◆ Dataset content ◆
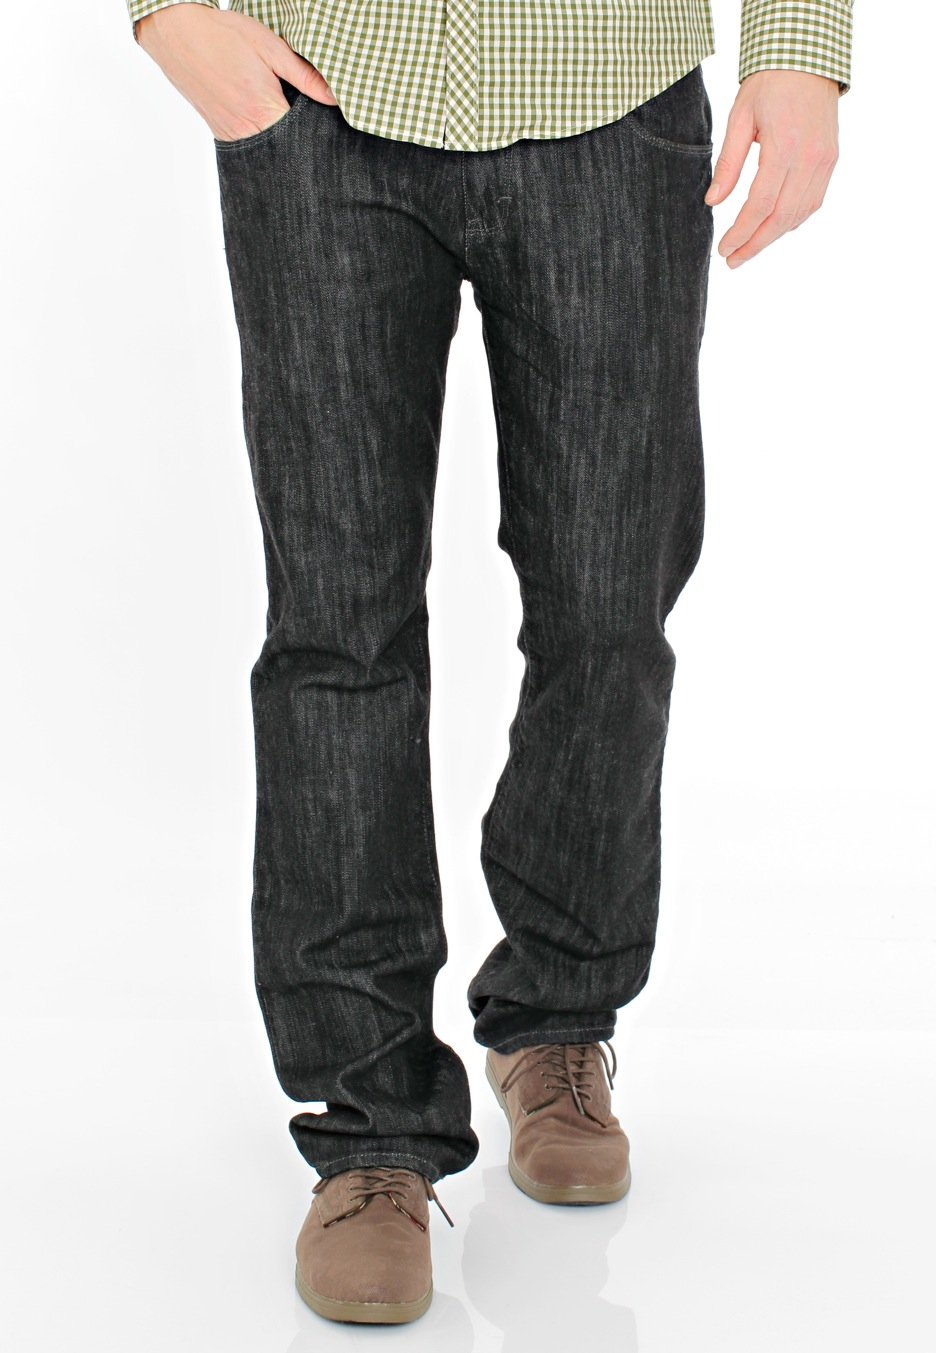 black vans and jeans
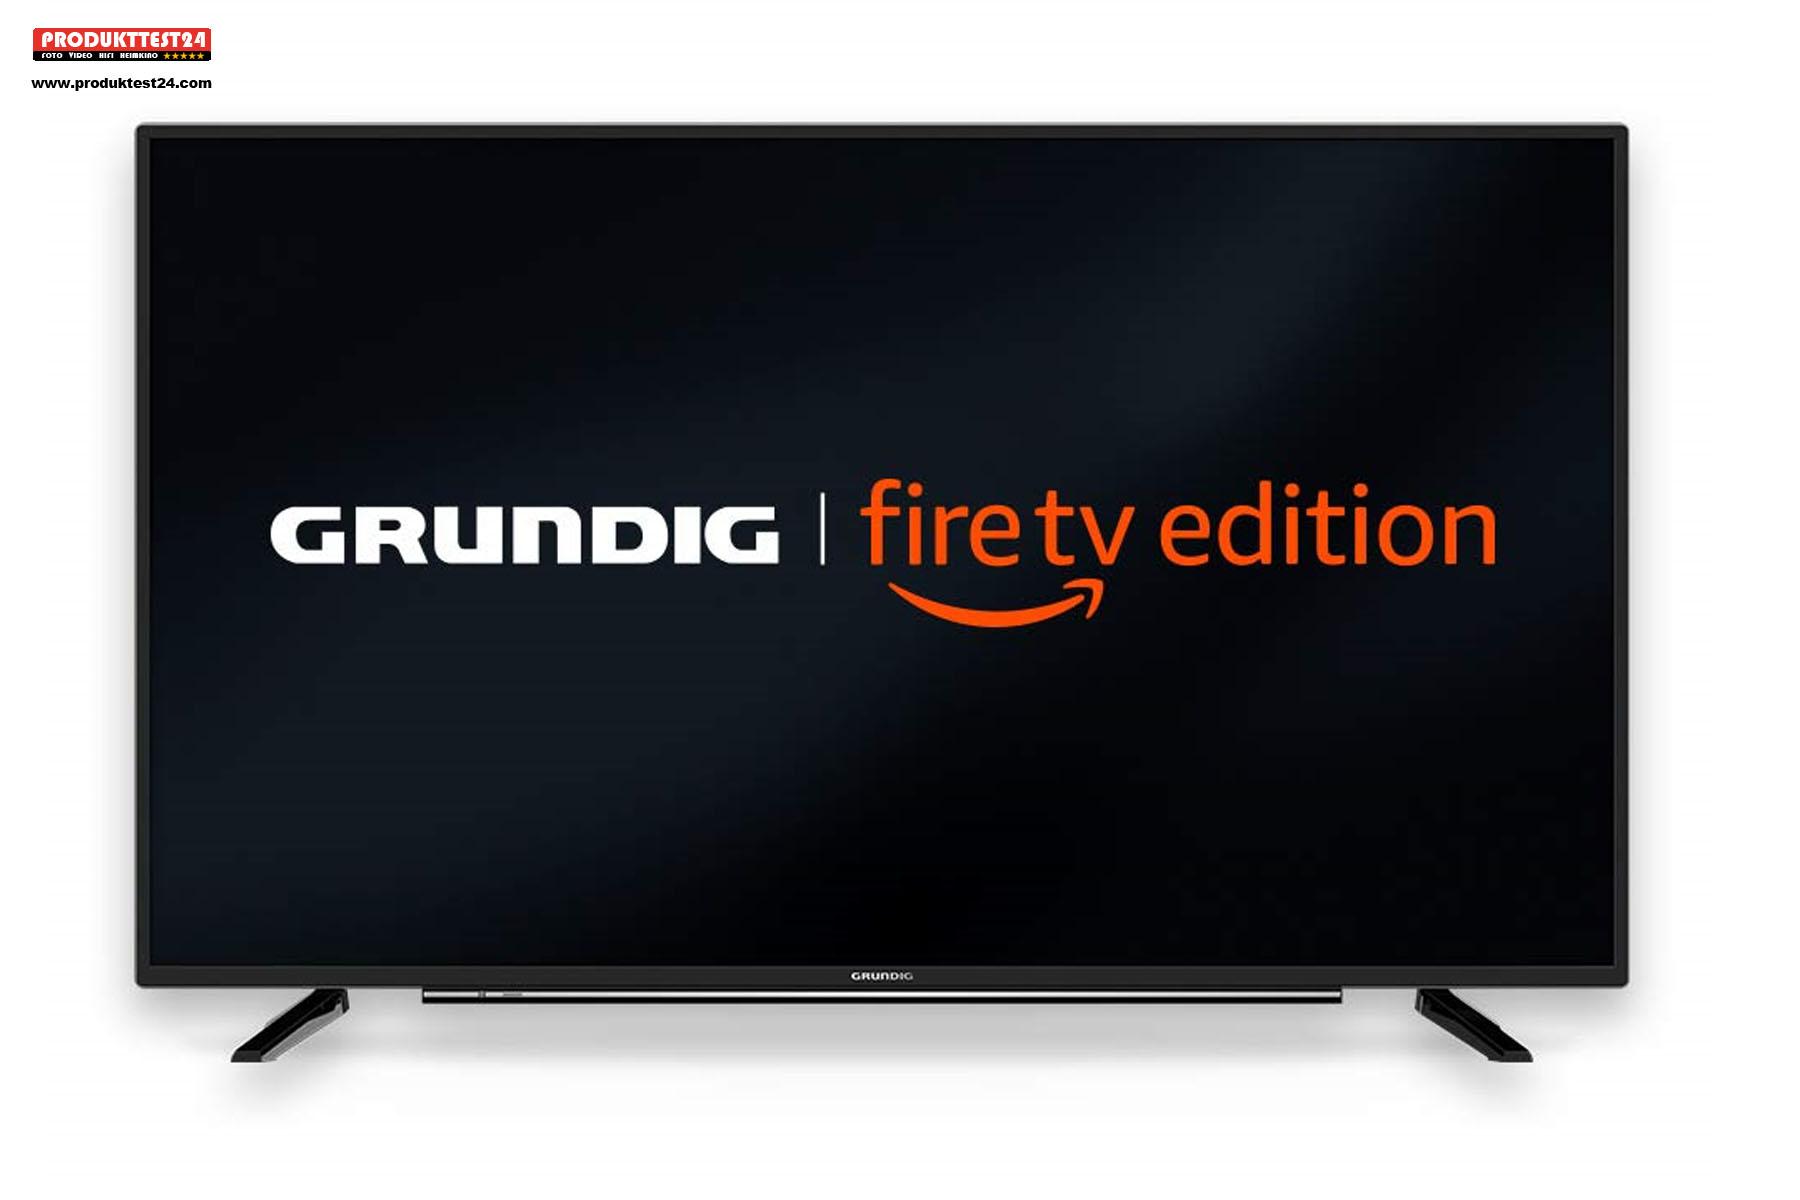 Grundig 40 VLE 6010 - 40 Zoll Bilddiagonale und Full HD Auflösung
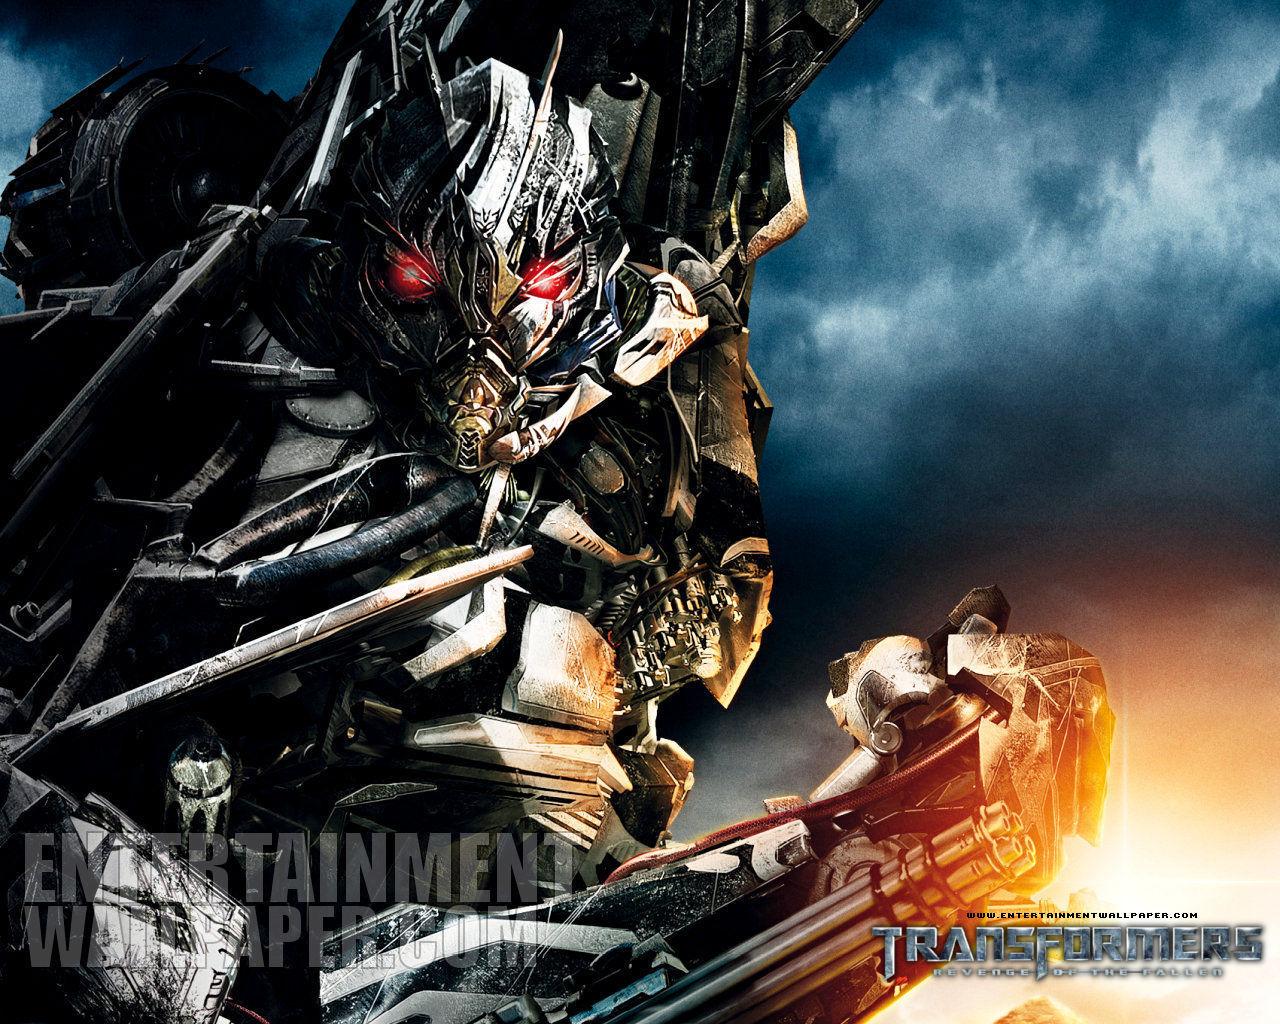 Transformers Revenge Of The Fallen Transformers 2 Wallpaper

◆ Aim of the exercise ◆
Return each line of the data, keeping its wording exact and omitting pictures.

◆ Written response ◆
 black vans and jeans
 Grundig 40 VLE 6010 - 40 Zoll Bilddiagonale und Full HD Auflösung
 Transformers Revenge Of The Fallen Transformers 2 Wallpaper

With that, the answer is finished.